I can now place components on this grid to fill it up. Say I have an 8x8 LED matrix with 8 cathodes and 8 anodes. All I have to do is find an 8x8 space large enough to hold it somewhere on the grid. For example, two 8x8 LED matrices fit into this 16 grid:



Another common size for LED matrices is 5x7. We can fit two of them on 12 pins like so:



Now it gets fun. It's ok for components to wrap around the sides. We can fit four 5x7 ( for a 10x14 pixel game board perhaps? ) matrices on 16 pins like this:



We can fit six 5x7 matrices on 18 pins ( for a 10x21 pixel game board perhaps? Large enough for original tetris! ). Eight 5x7 matrices fit on 20 pins. 8x8 matrices are a little more clunky, but you can still fit 3 of them onto 20 pins or 4 of them onto 22 pins ( 22 pins also fits 10 5x7 arrays ).

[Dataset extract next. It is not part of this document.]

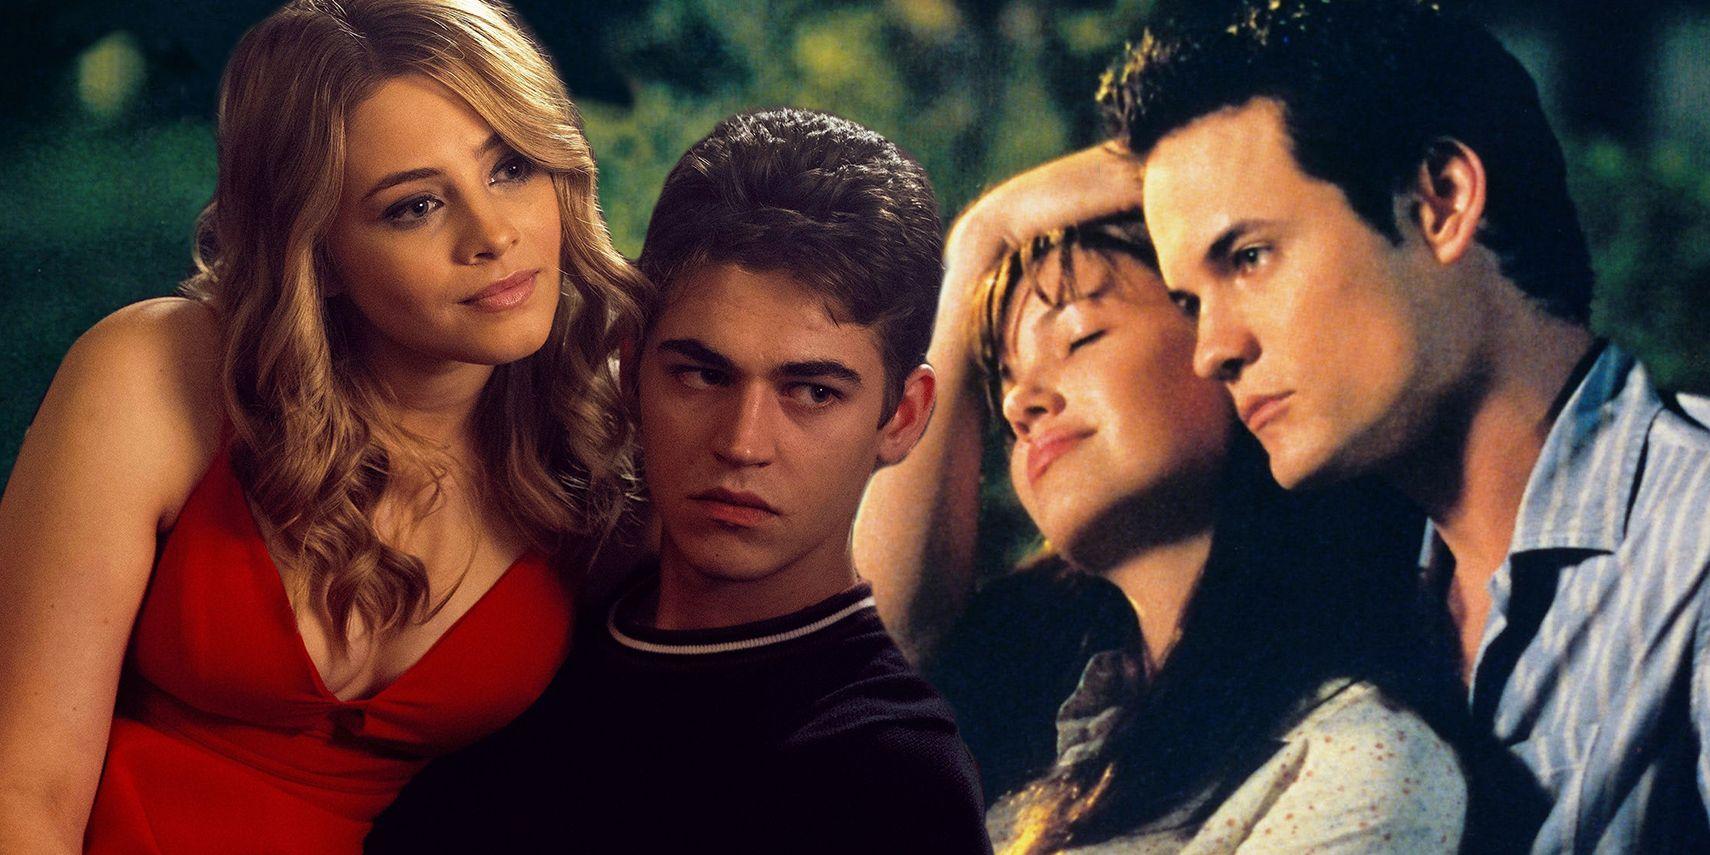 With tension movies romantic romantic movies

We leave these last three as exercises. ( solutions 1 2 3 4)



To demonstrate that this approach does in fact work, I rigged up a little game of life on four 8x8 modules running on 22 pins on an AtMega328. After correcting for a problem with the brightness related to the PORTC pins sourcing less current, the display is quite functional -- the scanning is not visible and all lights are of equal brightness. I scan the lights one at a time, but only spend time on those that are on. (The variable frame rate is from the video processing -- the actual device is quite smooth)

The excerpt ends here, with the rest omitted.